We are blessed with an abundance of tools across channels and platforms, but this can also become overwhelming. This is why measurement and data should become integral to a digital marketing strategy as you’ll be able to define which tools on which channels are tailored best towards achieving a set of goals.
The data one gathers on this journey enables a digital marketer to build intelligence around the target audience: first, you’re able to target the right audience, but then also build texture and colour around their preferences.
This all happens in real-time, and being data-driven, it means that unlike in the past where a campaign would run its course and its success would be analysed after the fact, a digital marketer can see in real-time whether the content is resonating and triggering the desired reactions from the audience, or whether the campaign needs to be tweaked and adjusted.
The pandemic and the future
It’s become a cliche to say that the pandemic accelerated digitisation, but it’s true.

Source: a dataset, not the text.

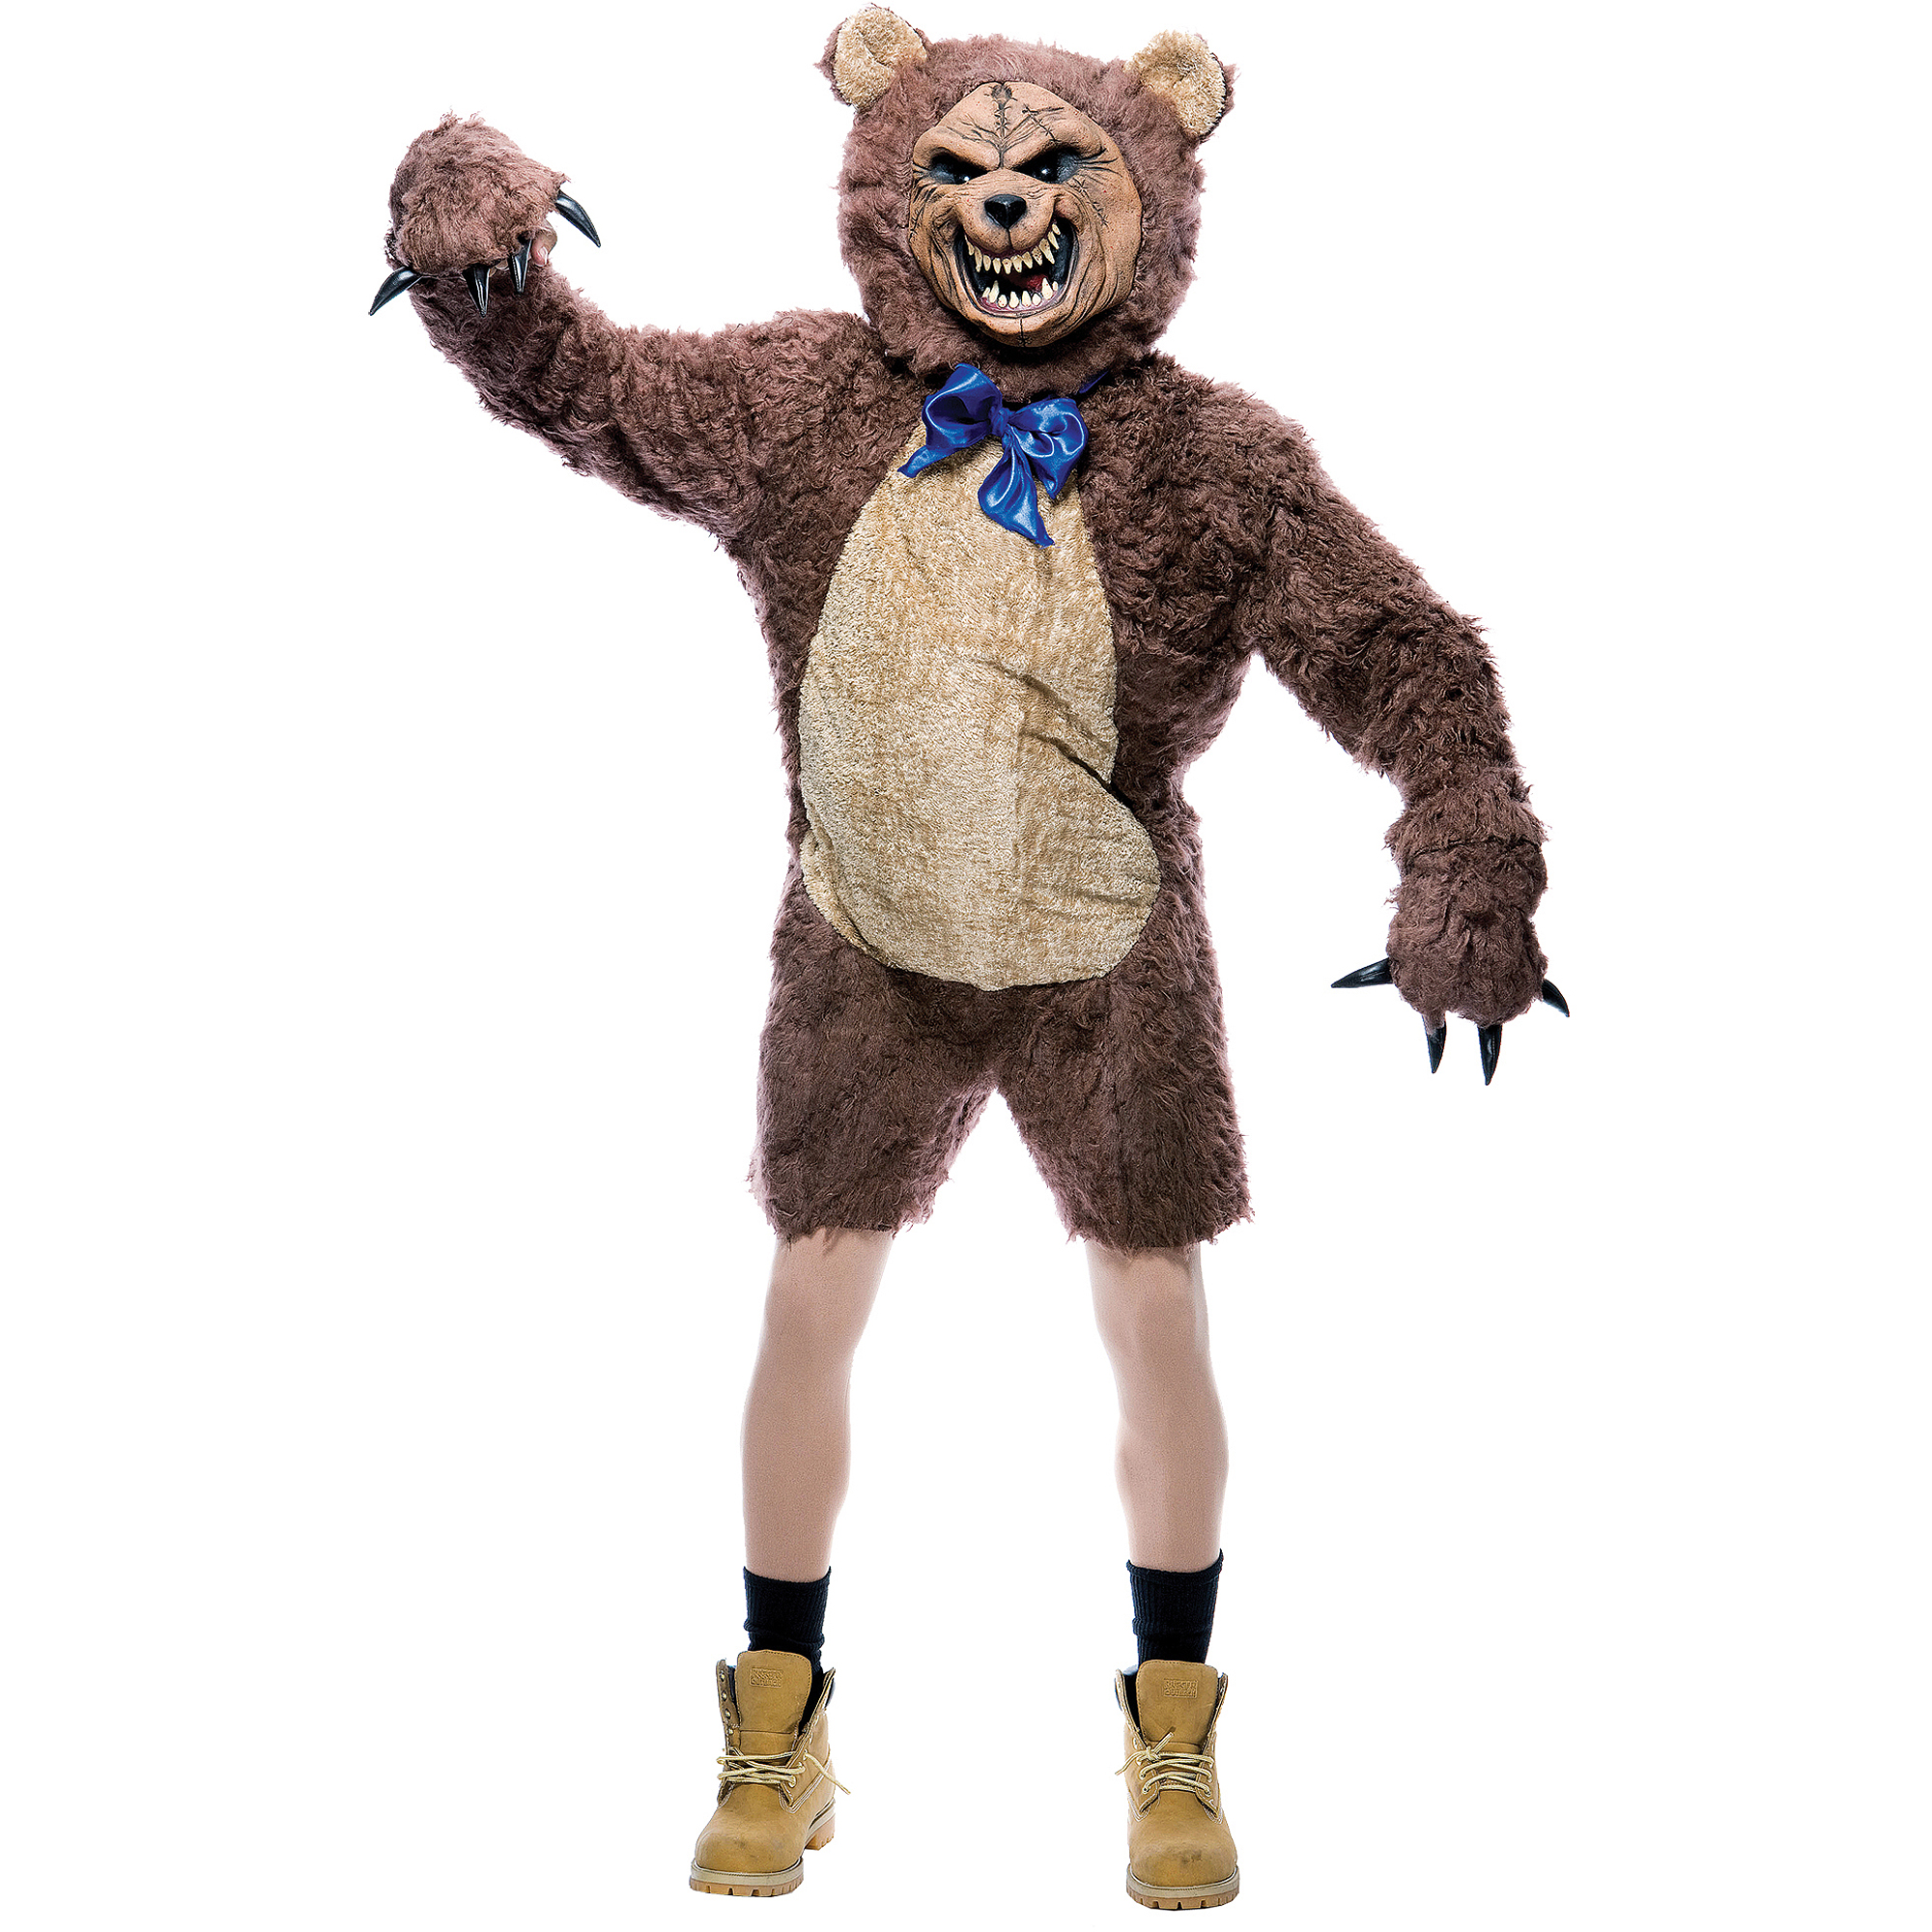 cuddles the bear adult halloween costume - walmart

While the digital shift has been in the making for some time, captive online audiences during the various lockdowns meant more businesses needed to change how they communicated with their customers.

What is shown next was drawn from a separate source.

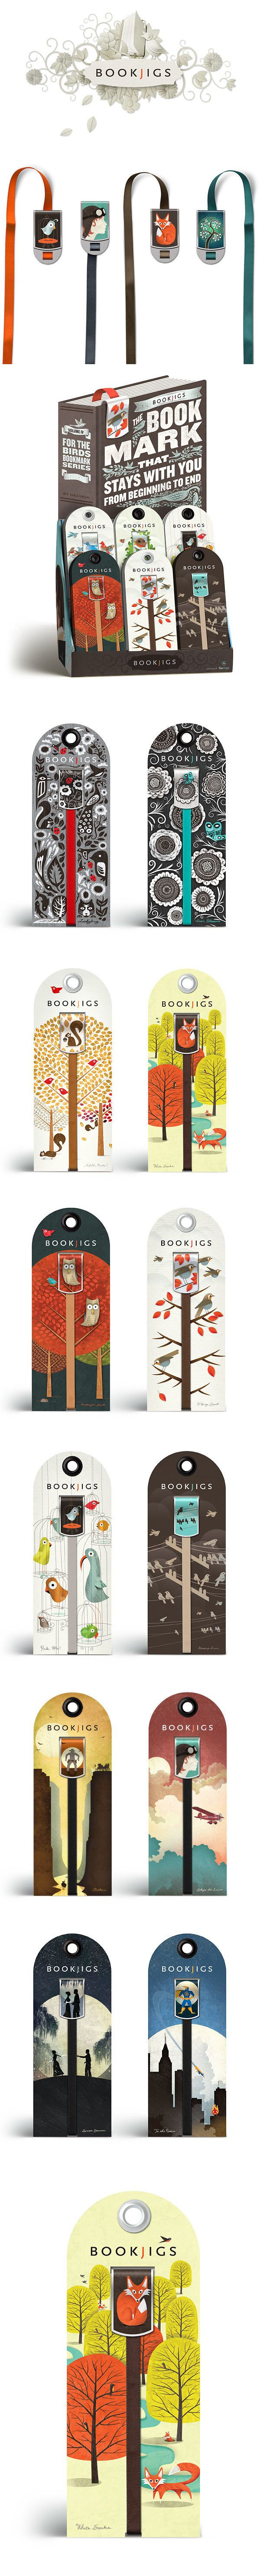 Bookjigs Initial #Branding & #Packaging. By: Russ Grey

Video has become even more important, with short-punchy videos leading the pack - driven by consumers who prefer on-demand content that they can watch where and when they want.
Also, this has meant that marketers need to find concise, clear, punchy and relevant content. More than ever, content is king.
Creditable results
The media landscape also changed - it is smaller and paywalls have shot up all over the place as publishers, too, have needed to rethink their revenue models. This means that to have a voice on these channels, paid media must form part of an overall communication and marketing strategy. It plays a very important role in the post-Covid consideration stack.

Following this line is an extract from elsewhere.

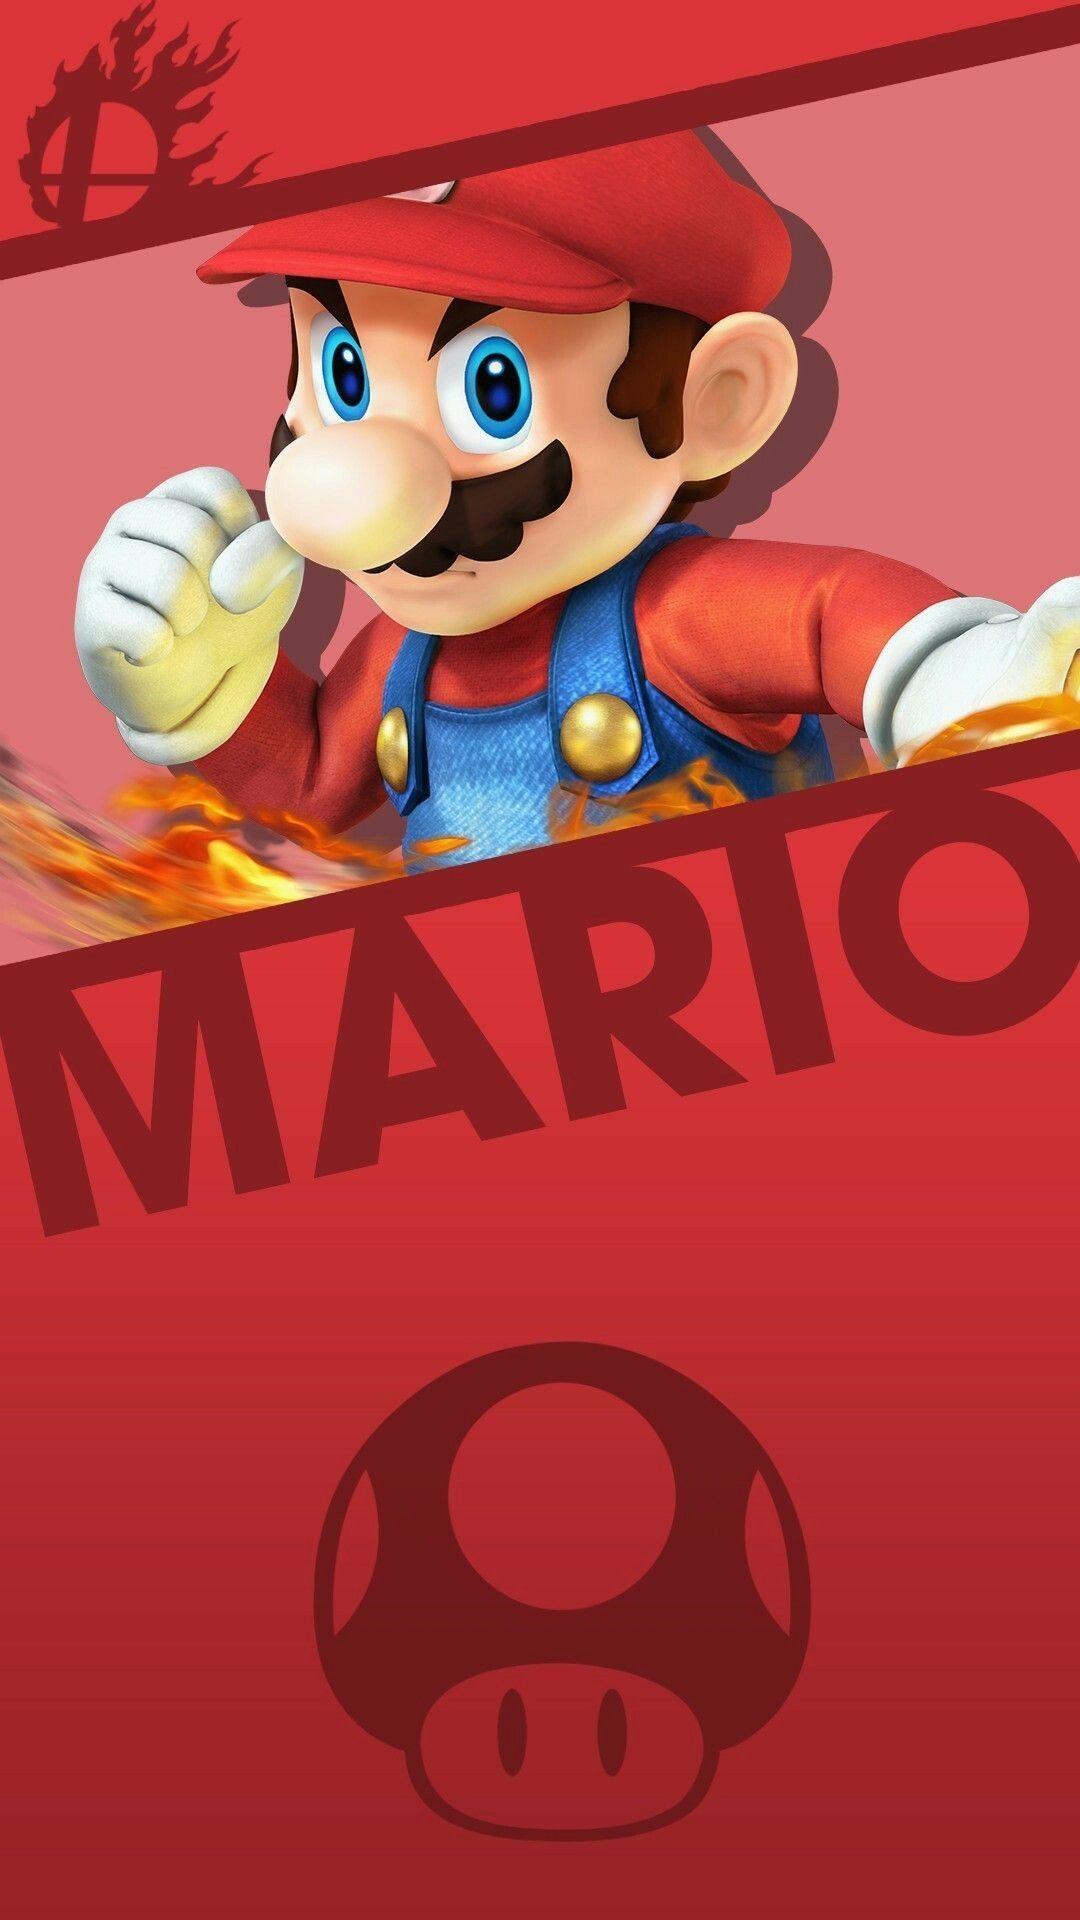 Best Of Mario Wallpaper iPhone Mario bros fondos

The pandemic has pushed and squeezed businesses that have had to streamline their operations and become more competitive. In this environment, C-suites demand measurable and credible ROI.
We all know the move away from presenting advertising value equivalent (AVE) started many years ago with the Barcelona principles, but CEOs and CFOs today want to see exactly what their rand spend has resulted in, for example: “this is how many potential customers have been reached, this is how many engaged with the content, these are the keywords that have garnered the best results,” and so on. Hard, measurable results.
The role of privacy
Looking ahead, in a few years’ time, privacy is likely to play an even larger role in a digital marketer’s life. Privacy laws are important, but it means that marketers must use the increasing data that they gather to build comprehensive audiences.
Stakeholder mapping and profiling is going to become even more important. You must know your audiences, where they are, the conversations they’re already having and how they like being reached.
A good marketing plan
Understanding all of this, and how the world has evolved, we land on an important question, then, for digital marketers. What constitutes a good digital marketing plan?
A good marketing plan must:
- Identify and profile the target audience.
- Be data-driven.
- Identify and set measurable goals and then use appropriate tools to reach these goals.
- Understand that there’s no substitute for quality content and that visual storytelling leads the pack.
- Embrace paid partnerships.
- Allow for analysis, reiteration and real-time tweaking.
A good digital marketing plan that is grounded in these fundamentals gives the marketer, and the business by extension, a competitive advantage when it comes to engaging with, and influencing, consumers.
Without this, you’re just contributing to the clutter and risk being swiped away in favour of more relevant content.Trends change and channels evolve, which means that consumer behaviour is far from static.
A good digital marketer needs to stay as close to these changes and nuances as possible. It’s as much a science as it is an art.